Naar aanleiding van de aanvraag heeft M. van de Steege een indicatierapport opgesteld. Daaruit blijkt dat Van de Steege een huisbezoek heeft verricht en – op grond van de in de aanvraag gegeven schriftelijke toestemming van eiser – telefonisch informatie heeft ingewonnen bij de fysiotherapeut van eiser. De fysiotherapeut heeft aangegeven dat het traplopen met begeleiding nog steeds veilig mogelijk is en geeft aan dat een voorziening om het traplopen te compenseren niet noodzakelijk is. De fysiotherapeut heeft geen achteruitgang in de medische situatie bij eiser geconstateerd.
Voorts heeft verweerder eiser in bezwaar in de gelegenheid gesteld zijn standpunt dat sprake is van een verslechtering nader te onderbouwen. Eiser heeft een brief overgelegd van de Afdeling Neurologie van het UMC St Radboud van 4 juni 2012. De rechtbank is met verweerder van oordeel dat daaruit niet naar voren komt dat sprake is van een verslechtering, anders dan een tijdelijke en kortdurende verslechtering, welke –zoals de rechtbank begrijpt -kort voor 15 mei 2012 is opgetreden.

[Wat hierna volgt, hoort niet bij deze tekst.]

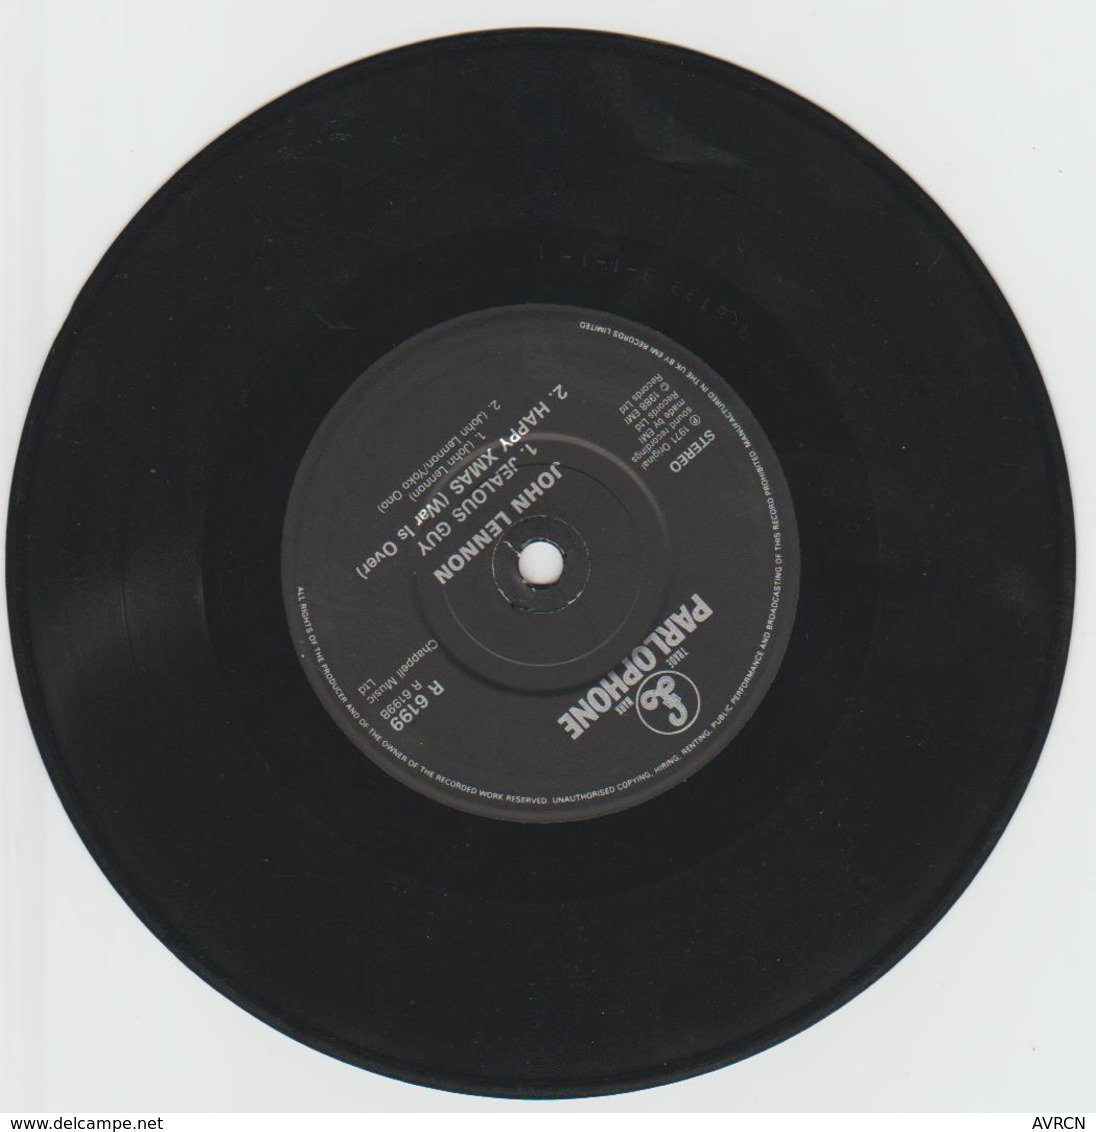 IMAGINE – John LENNON – PARLOPHONE R 6199 - 1971- Réservé Radios . - Limited Editions
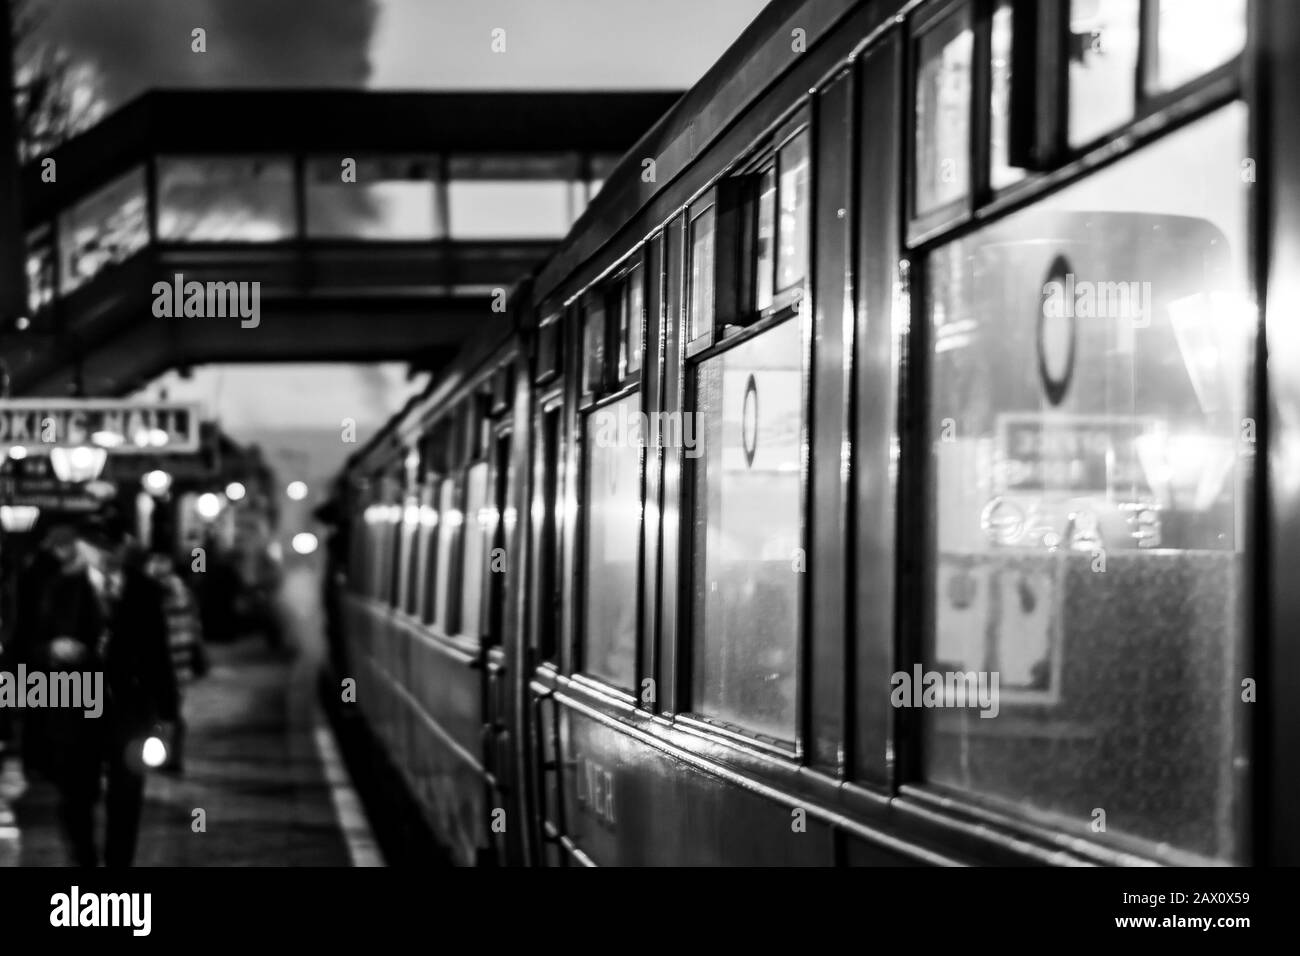 Bianco e nero d'atmosfera, monopatena, stazione dei treni vintage Bewdley, ferrovia storica di Severn Valley, Worcestershire UK, serata invernale. Foto Stock

De rechtbank is van oordeel dat de onderzoeksgegevens van verweerder een toereikende grondslag bieden om de aanvraag om woningaanpassing af te wijzen.
6
Het beroep is ongegrond. Voor een proceskostenveroordeling bestaat geen aanleiding.

Beslissing

De rechtbank:
verklaart het beroep ongegrond.
Deze uitspraak is gedaan door mr. J.A. van Schagen, voorzitter, mr. H.G. Eskes en mr. C.W.C.A. Bruggeman, rechters, in tegenwoordigheid van mr. J.W.M. Litjens, griffier. De beslissing is in het openbaar uitgesproken op:
Griffier
Voorzitter
Afschrift verzonden aan partijen op:
Rechtsmiddel
Tegen deze uitspraak kan binnen zes weken na de dag van verzending daarvan hoger beroep worden ingesteld bij de Centrale Raad van Beroep. Als hoger beroep is ingesteld, kan bij de voorzieningenrechter van de hogerberoepsrechter worden verzocht om het treffen van een voorlopige voorziening of om het opheffen of wijzigen van een bij deze uitspraak getroffen voorlopige voorziening.